▸ TASK DETAILS: The lines to be extracted run from the start of the listing through the line containing "ANTOLOGAIA di PORPORA"; copy them exactly and nothing else.

▸ DATA FOR ANALYSIS:
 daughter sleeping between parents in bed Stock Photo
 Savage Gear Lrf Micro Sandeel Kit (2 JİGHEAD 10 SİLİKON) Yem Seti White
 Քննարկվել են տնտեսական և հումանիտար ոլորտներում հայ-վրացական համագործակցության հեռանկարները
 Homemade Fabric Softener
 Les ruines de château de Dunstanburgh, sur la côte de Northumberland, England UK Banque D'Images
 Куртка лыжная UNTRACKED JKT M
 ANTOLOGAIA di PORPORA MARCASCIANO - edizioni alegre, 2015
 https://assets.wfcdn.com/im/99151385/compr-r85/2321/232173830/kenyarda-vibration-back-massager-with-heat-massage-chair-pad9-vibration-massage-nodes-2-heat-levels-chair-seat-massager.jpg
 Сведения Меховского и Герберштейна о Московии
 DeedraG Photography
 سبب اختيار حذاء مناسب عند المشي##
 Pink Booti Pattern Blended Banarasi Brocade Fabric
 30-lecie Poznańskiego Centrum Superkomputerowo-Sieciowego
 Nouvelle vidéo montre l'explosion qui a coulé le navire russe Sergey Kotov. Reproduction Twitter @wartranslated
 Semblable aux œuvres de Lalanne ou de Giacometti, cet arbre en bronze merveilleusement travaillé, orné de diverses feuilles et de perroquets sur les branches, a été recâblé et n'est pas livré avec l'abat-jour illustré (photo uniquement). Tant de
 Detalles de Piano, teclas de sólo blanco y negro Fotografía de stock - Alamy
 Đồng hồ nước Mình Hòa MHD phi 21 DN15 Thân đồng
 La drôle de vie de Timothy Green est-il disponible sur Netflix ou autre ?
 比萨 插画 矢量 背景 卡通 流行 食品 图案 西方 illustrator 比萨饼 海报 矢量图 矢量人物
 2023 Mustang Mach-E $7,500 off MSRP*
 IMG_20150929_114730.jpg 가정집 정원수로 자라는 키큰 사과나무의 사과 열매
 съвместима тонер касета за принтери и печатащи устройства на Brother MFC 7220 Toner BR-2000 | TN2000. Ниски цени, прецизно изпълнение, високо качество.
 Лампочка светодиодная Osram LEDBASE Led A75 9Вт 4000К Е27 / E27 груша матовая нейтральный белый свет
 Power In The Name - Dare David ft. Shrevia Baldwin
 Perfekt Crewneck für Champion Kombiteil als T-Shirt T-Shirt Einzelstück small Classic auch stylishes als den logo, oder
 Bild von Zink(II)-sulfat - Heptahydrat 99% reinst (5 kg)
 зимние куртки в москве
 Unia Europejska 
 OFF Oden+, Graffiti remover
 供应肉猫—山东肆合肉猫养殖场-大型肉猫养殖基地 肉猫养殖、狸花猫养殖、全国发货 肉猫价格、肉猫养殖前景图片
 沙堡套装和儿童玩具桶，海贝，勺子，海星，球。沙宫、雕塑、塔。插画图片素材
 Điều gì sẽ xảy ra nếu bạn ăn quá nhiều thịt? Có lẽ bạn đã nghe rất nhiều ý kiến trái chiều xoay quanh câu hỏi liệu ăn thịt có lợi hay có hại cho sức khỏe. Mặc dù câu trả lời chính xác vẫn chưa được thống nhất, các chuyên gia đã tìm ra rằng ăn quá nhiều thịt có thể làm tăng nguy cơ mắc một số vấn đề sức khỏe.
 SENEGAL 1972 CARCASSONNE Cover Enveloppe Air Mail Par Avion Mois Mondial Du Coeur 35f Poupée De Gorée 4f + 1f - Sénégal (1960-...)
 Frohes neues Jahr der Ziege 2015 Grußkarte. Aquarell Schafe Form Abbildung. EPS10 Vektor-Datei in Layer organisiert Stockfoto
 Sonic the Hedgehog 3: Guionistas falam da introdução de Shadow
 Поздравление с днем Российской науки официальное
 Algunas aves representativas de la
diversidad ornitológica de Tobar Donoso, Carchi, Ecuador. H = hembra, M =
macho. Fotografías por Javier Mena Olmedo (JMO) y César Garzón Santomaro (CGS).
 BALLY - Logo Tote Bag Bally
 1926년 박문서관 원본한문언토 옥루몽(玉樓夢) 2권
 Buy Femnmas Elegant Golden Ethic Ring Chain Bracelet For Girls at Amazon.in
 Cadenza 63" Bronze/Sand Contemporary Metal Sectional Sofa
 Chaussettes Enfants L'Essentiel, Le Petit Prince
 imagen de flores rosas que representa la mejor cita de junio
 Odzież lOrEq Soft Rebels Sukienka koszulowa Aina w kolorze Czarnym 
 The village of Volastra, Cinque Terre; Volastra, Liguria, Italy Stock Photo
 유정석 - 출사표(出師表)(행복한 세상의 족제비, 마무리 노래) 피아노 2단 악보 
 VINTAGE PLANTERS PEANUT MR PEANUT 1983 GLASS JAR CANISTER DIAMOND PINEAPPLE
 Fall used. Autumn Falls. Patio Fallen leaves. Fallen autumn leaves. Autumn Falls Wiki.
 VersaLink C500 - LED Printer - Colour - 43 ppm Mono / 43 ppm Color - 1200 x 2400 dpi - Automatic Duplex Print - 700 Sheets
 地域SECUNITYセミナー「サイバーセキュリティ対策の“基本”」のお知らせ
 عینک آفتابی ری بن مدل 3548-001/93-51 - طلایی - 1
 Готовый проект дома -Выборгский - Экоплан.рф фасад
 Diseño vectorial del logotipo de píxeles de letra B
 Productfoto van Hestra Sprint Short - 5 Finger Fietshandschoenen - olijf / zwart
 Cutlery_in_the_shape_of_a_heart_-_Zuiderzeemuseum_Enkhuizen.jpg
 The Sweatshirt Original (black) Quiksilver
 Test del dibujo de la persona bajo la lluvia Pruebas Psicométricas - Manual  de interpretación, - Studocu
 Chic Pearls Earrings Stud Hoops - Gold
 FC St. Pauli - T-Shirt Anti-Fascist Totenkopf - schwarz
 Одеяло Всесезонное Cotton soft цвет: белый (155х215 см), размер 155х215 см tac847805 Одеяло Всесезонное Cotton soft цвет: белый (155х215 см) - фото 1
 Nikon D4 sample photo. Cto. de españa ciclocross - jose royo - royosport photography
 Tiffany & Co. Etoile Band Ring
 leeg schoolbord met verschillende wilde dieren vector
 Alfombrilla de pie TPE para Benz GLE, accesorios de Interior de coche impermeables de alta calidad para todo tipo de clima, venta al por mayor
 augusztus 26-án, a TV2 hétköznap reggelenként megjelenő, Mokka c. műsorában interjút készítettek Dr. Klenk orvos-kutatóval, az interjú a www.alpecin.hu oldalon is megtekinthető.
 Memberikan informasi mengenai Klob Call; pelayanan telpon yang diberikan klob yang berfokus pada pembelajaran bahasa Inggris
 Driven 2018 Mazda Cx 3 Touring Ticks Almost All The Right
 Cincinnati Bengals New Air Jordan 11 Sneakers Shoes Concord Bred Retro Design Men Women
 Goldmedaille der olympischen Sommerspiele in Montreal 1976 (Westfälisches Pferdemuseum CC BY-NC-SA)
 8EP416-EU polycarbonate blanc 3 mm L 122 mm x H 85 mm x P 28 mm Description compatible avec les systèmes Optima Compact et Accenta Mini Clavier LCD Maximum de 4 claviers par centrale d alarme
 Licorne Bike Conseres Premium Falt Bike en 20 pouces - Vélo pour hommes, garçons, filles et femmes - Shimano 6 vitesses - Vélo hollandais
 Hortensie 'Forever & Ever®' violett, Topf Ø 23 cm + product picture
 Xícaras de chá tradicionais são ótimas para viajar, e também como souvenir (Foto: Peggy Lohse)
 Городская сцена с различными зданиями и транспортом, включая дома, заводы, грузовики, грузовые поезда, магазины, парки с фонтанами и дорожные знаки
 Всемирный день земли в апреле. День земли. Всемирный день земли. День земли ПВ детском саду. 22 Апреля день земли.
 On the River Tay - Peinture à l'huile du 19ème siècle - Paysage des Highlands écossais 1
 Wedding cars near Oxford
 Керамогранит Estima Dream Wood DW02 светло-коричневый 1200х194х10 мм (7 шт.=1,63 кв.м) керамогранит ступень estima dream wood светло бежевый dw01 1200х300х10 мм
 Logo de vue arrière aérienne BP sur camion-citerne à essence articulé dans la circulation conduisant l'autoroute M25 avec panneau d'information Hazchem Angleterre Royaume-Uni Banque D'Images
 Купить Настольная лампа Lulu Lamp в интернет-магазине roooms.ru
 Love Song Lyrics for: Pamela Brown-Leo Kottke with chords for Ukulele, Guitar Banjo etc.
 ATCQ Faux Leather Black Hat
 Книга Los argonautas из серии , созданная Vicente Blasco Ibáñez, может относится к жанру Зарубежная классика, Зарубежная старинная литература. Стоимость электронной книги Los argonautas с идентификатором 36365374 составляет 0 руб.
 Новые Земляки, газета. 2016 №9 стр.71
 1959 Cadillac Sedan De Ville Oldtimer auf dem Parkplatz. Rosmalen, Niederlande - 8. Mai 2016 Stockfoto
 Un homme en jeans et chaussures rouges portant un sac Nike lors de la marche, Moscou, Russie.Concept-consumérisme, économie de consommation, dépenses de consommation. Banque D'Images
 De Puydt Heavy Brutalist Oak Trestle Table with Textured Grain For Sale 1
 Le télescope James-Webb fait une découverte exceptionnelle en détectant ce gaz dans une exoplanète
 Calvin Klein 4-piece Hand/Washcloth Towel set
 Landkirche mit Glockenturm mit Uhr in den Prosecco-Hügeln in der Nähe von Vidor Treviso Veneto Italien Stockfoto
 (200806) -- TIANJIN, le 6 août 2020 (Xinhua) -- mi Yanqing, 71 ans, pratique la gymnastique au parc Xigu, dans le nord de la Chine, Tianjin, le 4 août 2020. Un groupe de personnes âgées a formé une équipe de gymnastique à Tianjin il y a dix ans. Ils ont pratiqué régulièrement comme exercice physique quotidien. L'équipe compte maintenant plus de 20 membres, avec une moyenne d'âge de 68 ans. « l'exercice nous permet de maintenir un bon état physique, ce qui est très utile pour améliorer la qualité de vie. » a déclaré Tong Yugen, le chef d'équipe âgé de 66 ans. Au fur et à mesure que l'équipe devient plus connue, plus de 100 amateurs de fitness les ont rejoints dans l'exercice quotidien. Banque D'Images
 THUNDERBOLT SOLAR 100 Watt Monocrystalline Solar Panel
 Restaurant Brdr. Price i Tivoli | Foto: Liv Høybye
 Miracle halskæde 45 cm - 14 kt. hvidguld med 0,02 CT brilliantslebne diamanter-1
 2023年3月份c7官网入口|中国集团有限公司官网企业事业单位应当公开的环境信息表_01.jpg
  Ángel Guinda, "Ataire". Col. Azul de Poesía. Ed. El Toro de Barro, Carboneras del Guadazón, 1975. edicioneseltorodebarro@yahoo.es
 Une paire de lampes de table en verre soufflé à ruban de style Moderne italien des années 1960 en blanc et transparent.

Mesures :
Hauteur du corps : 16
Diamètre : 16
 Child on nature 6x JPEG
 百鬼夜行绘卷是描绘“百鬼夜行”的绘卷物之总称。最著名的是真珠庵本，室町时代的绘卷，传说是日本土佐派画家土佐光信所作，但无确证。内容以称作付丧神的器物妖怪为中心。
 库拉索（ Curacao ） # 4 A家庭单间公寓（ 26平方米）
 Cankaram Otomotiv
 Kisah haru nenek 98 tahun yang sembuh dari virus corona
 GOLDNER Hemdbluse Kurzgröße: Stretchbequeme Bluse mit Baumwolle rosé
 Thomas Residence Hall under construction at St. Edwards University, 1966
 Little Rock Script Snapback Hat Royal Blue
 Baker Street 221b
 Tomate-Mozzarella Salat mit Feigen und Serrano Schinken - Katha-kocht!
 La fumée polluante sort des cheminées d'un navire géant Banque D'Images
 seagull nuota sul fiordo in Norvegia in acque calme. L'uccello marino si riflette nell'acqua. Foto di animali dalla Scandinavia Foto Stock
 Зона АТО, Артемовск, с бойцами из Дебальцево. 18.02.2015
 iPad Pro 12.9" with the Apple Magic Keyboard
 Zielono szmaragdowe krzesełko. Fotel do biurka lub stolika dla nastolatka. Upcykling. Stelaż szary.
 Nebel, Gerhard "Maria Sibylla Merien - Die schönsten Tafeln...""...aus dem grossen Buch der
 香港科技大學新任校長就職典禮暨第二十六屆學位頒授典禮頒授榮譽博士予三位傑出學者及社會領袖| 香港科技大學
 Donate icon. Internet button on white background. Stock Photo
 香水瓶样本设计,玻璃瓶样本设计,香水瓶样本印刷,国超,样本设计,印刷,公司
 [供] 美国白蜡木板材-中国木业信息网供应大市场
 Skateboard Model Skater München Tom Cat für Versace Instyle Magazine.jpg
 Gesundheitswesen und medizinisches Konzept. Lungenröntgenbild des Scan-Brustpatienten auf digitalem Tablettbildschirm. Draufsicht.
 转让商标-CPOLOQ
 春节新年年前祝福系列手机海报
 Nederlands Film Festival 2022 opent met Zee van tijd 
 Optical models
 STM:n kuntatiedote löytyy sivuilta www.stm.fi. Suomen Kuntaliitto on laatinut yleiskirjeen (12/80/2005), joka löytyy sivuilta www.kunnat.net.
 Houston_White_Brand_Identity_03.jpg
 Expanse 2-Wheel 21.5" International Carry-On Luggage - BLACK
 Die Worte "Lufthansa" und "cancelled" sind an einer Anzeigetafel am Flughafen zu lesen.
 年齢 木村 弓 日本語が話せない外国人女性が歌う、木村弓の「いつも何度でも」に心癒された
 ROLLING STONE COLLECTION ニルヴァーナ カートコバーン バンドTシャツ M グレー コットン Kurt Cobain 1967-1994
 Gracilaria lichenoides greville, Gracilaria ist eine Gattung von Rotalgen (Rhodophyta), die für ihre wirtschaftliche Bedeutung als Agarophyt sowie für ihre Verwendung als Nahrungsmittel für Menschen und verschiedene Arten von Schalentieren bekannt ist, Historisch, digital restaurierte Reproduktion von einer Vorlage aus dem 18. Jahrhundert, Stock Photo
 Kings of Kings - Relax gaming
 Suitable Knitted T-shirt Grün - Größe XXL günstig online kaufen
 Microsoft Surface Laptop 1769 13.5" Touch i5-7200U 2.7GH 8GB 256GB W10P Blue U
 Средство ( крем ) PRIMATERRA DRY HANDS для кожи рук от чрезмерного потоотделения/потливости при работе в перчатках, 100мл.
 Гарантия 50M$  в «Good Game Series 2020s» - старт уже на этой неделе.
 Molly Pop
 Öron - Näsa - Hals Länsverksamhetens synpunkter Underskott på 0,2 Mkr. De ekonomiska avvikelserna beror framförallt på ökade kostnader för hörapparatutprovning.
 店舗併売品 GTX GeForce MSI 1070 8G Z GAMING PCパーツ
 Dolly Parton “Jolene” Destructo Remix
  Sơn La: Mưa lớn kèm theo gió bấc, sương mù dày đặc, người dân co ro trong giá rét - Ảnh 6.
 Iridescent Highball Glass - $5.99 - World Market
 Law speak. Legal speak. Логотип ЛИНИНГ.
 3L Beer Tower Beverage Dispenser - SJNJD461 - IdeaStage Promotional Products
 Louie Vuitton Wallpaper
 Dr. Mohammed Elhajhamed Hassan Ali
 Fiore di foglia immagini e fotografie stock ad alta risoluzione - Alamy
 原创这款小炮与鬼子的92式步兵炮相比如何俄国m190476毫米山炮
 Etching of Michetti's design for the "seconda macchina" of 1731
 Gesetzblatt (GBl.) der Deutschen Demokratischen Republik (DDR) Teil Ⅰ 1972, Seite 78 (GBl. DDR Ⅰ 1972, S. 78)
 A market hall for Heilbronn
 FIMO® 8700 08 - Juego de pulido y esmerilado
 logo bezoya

▸ TASK ANSWER:
 daughter sleeping between parents in bed Stock Photo
 Savage Gear Lrf Micro Sandeel Kit (2 JİGHEAD 10 SİLİKON) Yem Seti White
 Քննարկվել են տնտեսական և հումանիտար ոլորտներում հայ-վրացական համագործակցության հեռանկարները
 Homemade Fabric Softener
 Les ruines de château de Dunstanburgh, sur la côte de Northumberland, England UK Banque D'Images
 Куртка лыжная UNTRACKED JKT M
 ANTOLOGAIA di PORPORA MARCASCIANO - edizioni alegre, 2015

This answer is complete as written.